╭──
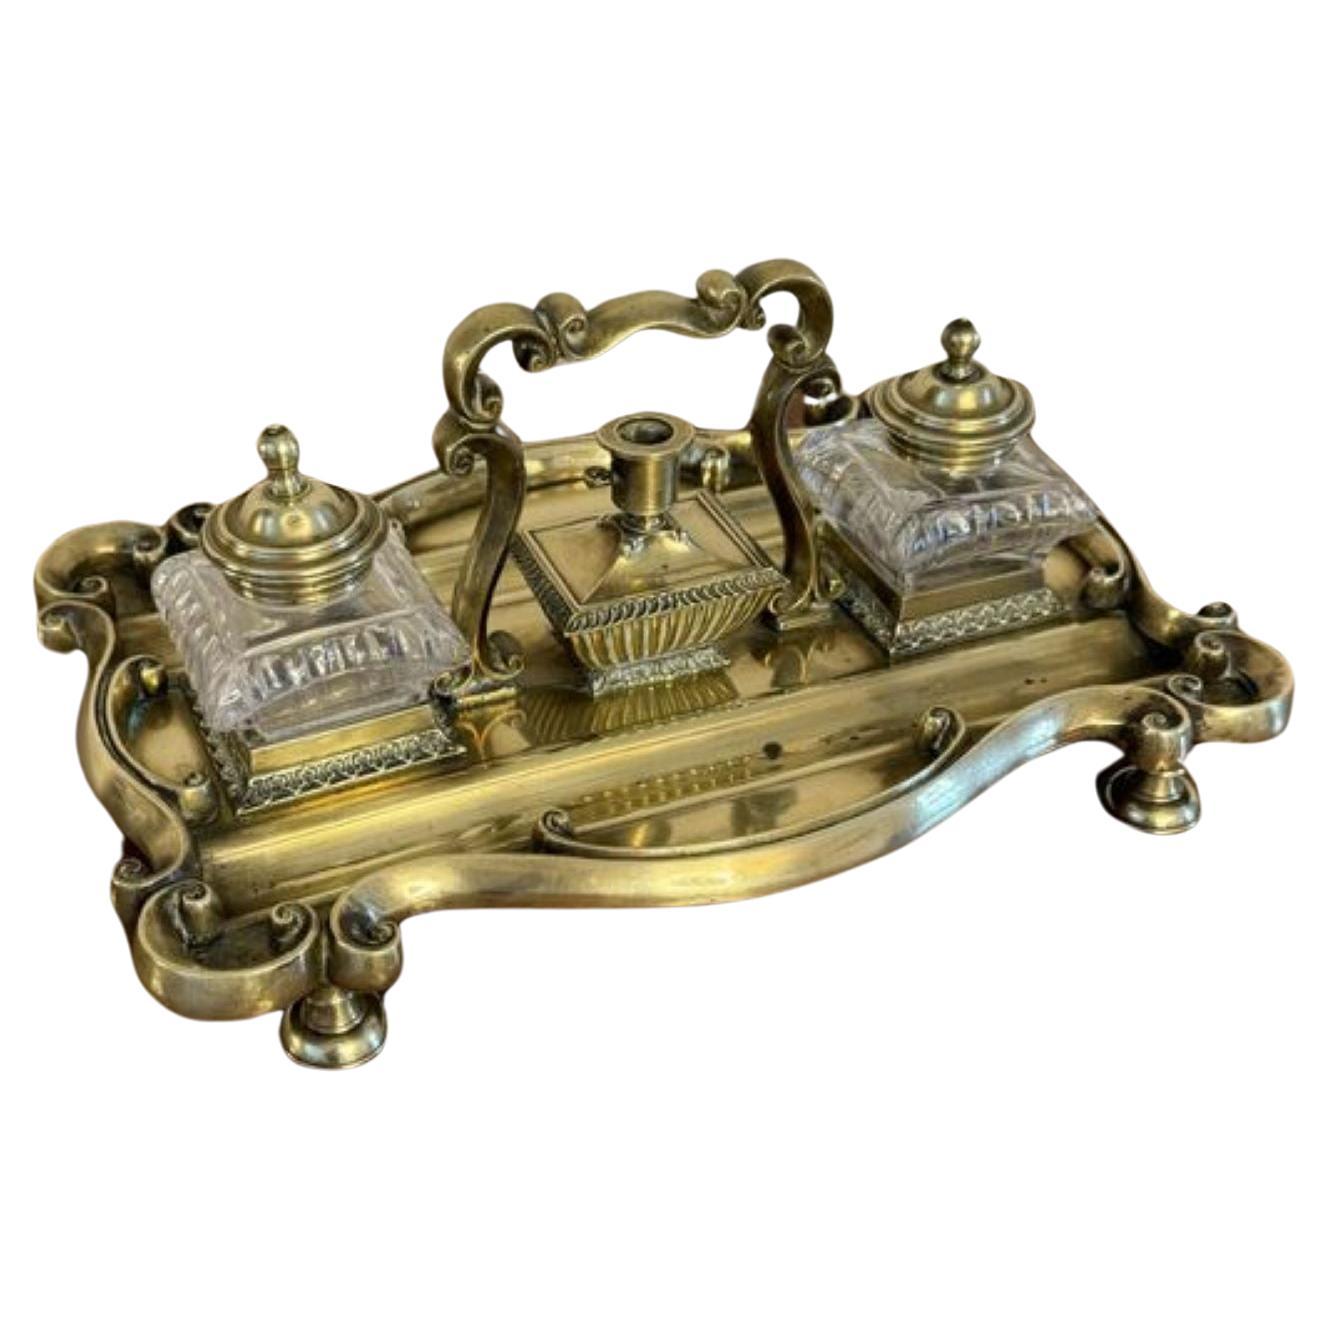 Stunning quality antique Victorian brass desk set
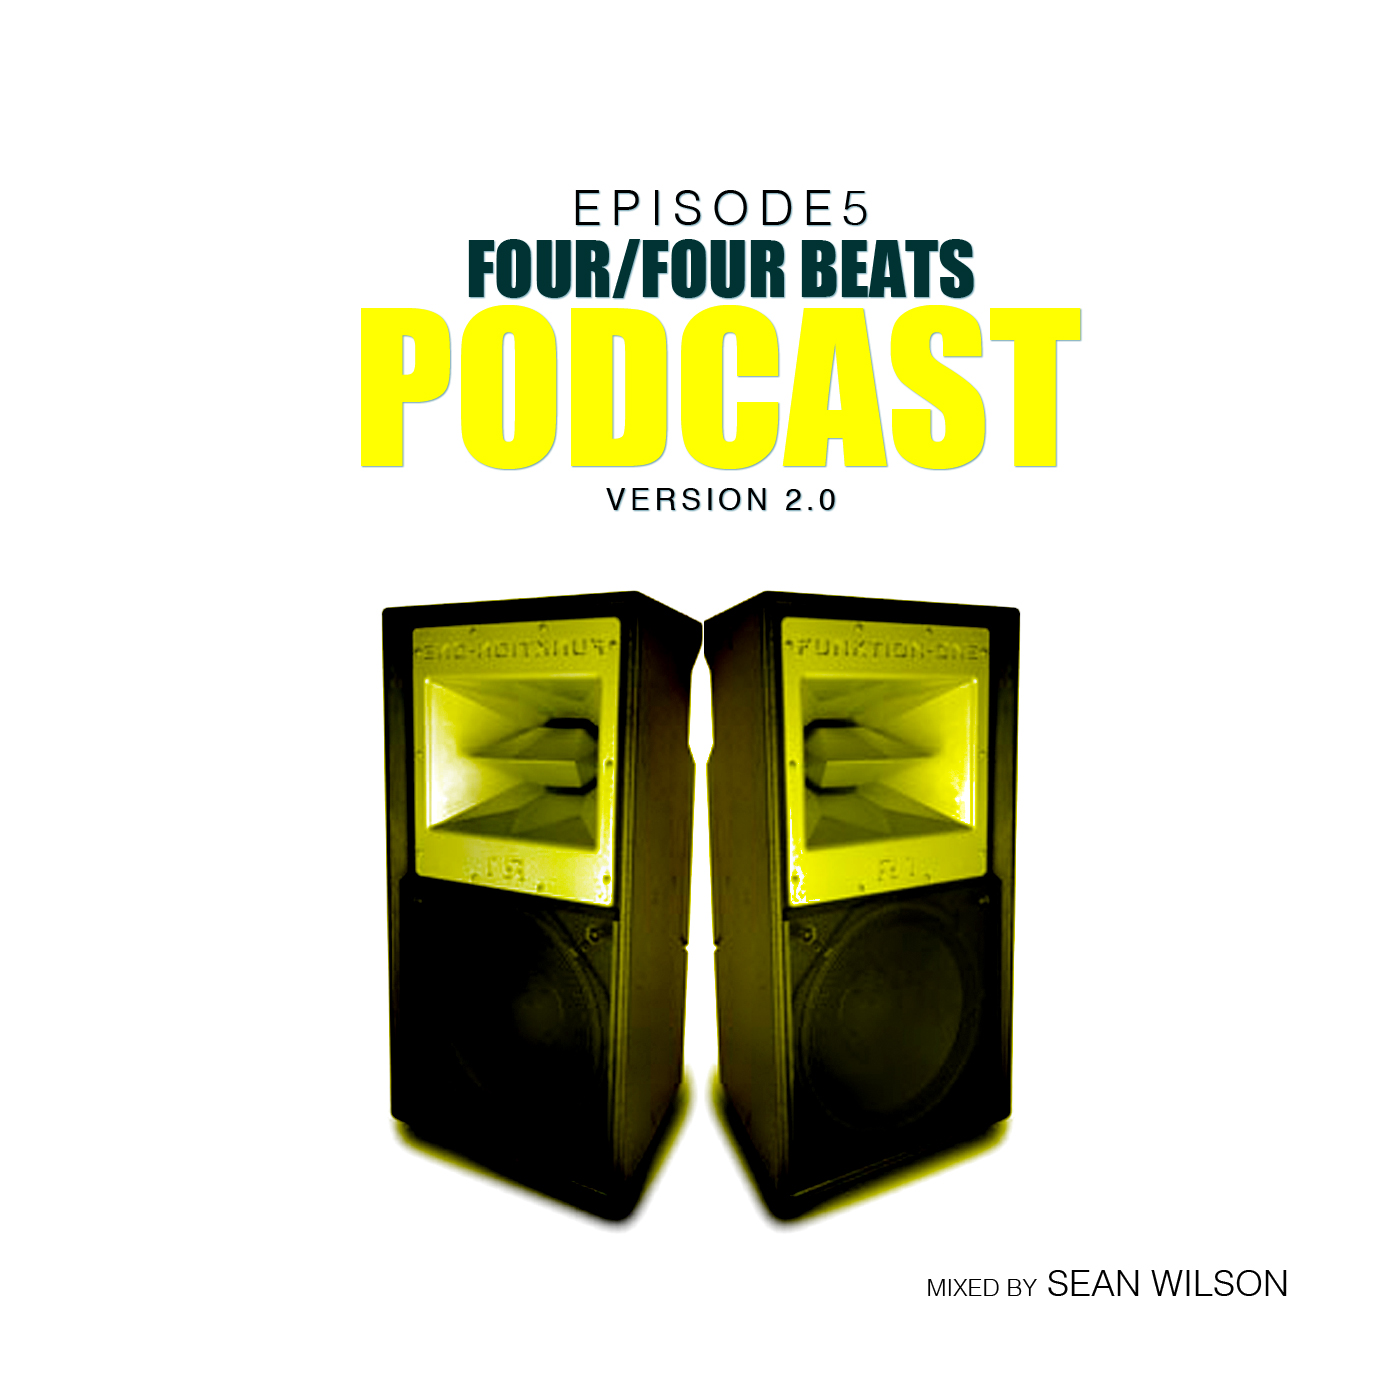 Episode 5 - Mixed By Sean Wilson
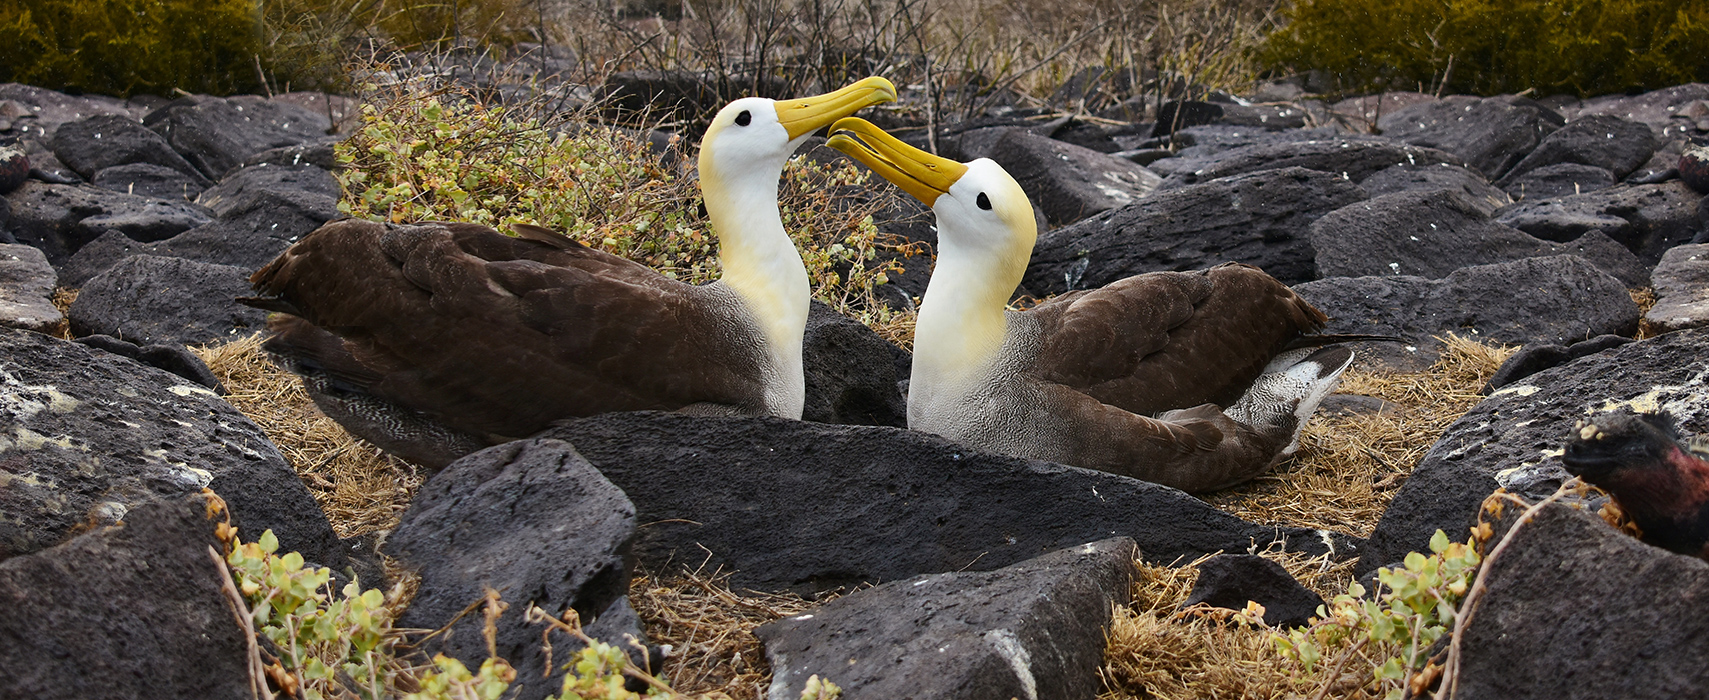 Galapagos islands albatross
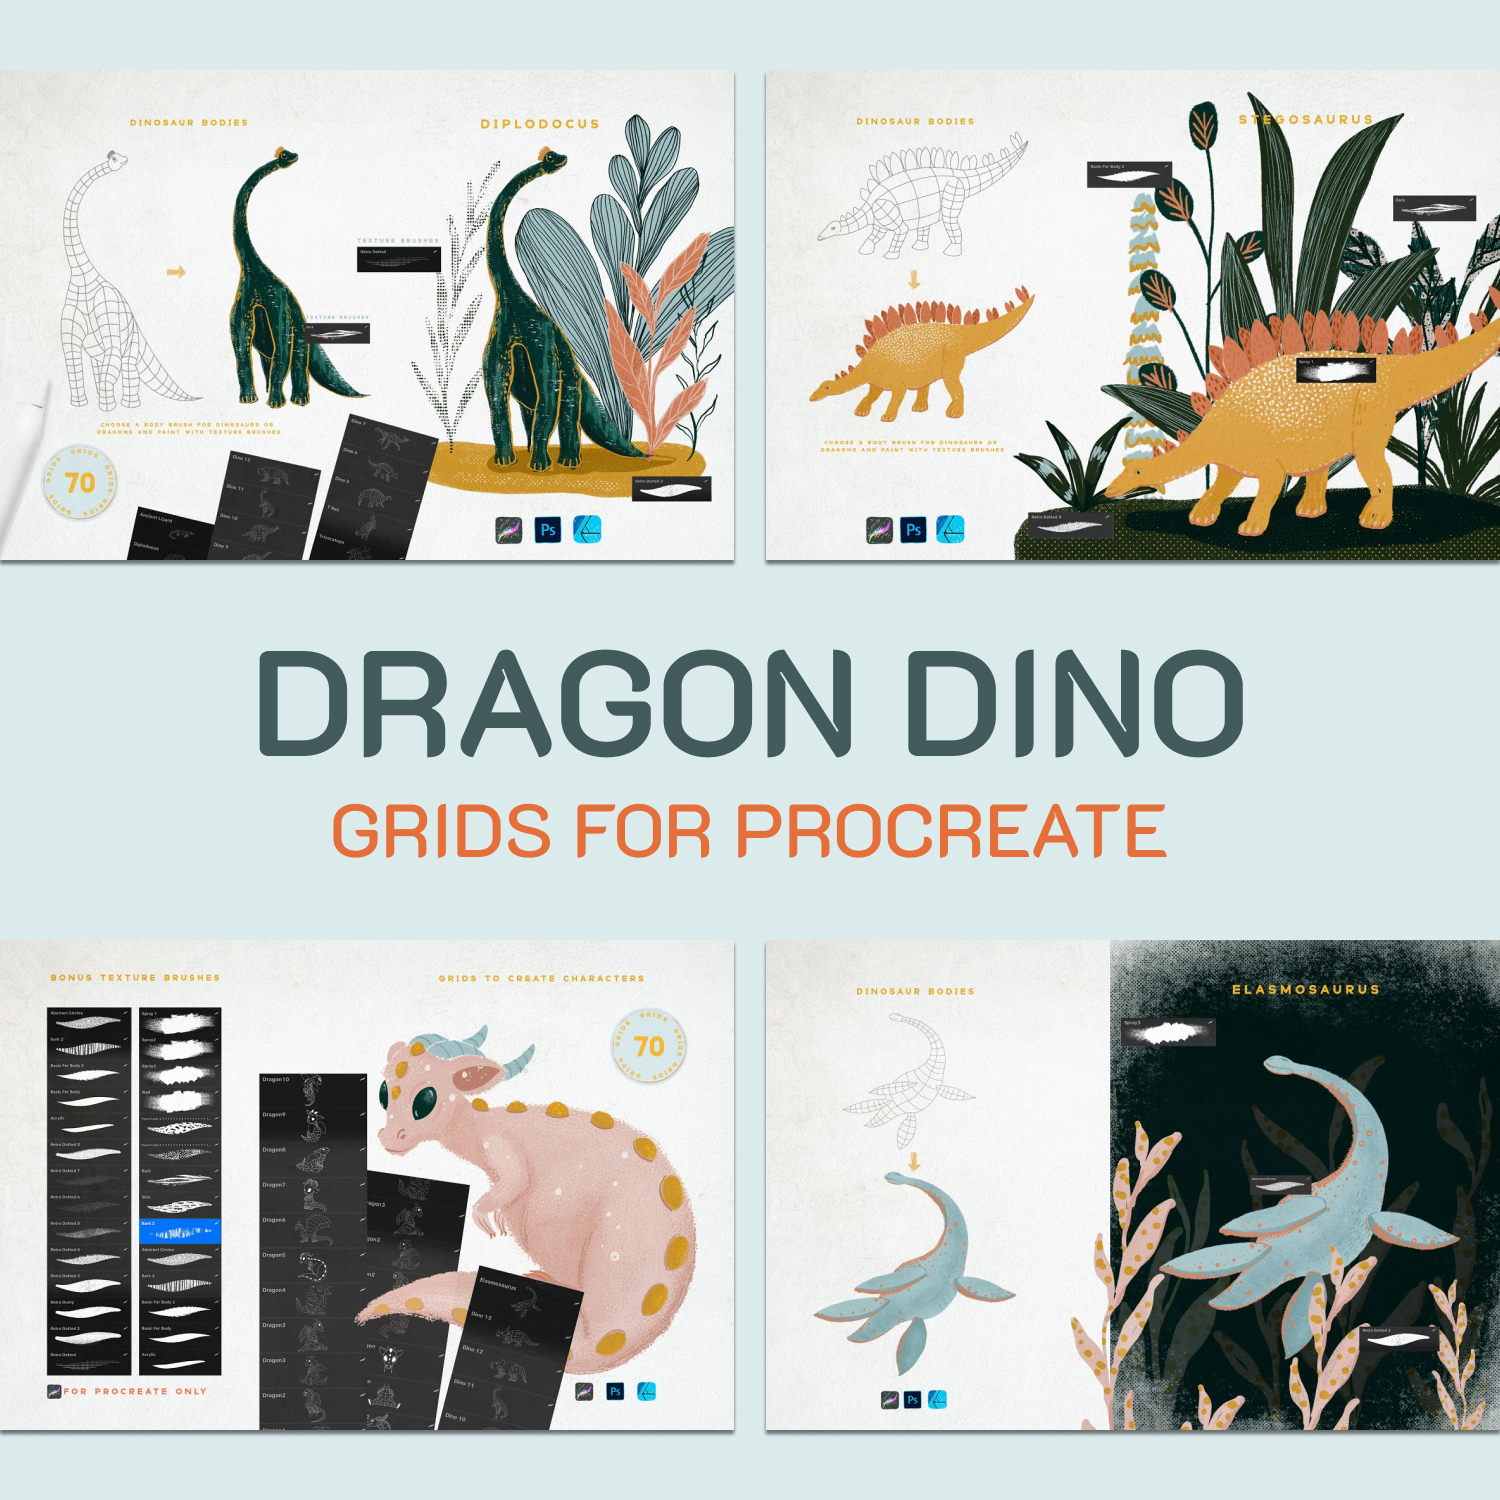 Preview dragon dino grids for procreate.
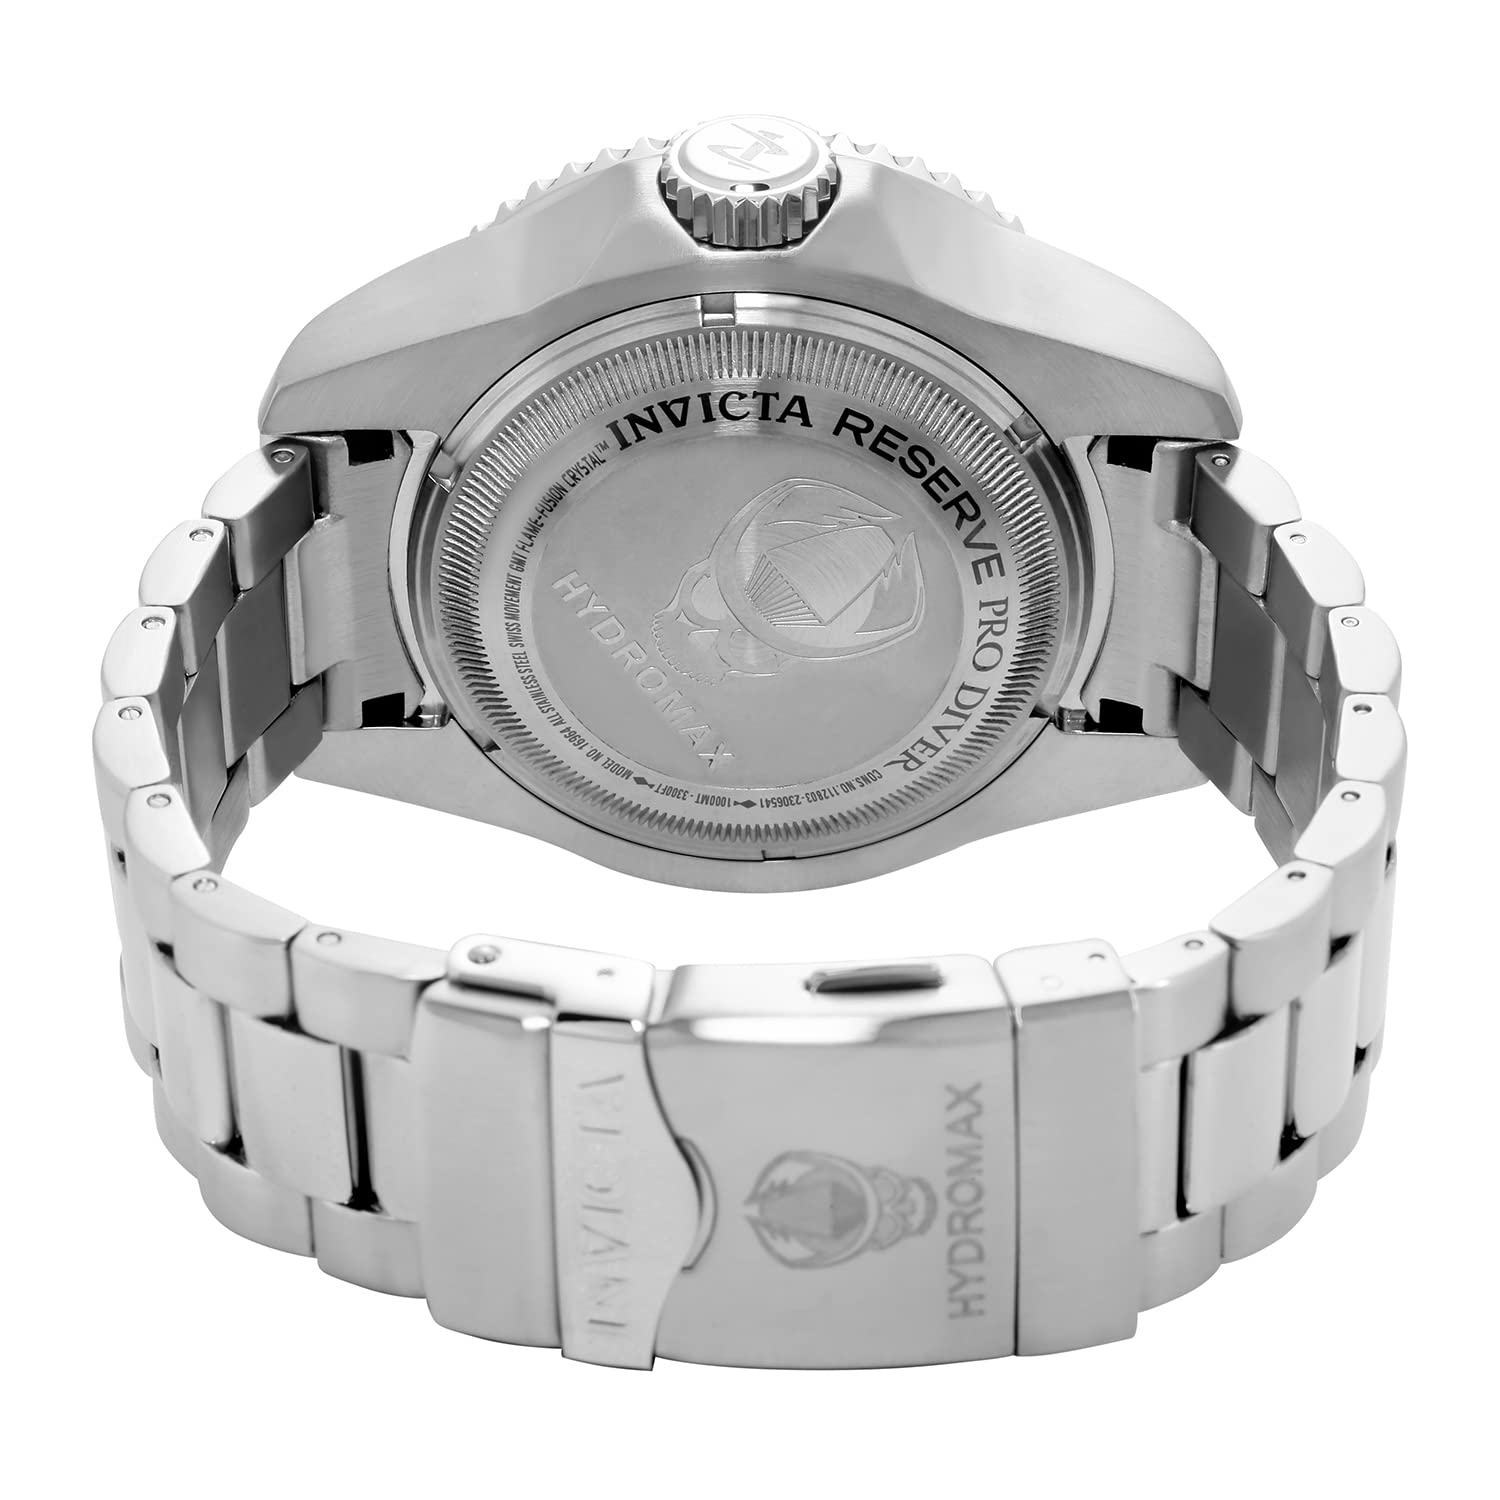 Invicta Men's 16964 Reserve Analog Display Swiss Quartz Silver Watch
╰──
Please retype exactly the lines from the one containing "Galapagos islands albatross" through the last line of the records, both included, leaving out every picture.

 Galapagos islands albatross
 Preview dragon dino grids for procreate.
 Invicta Men's 16964 Reserve Analog Display Swiss Quartz Silver Watch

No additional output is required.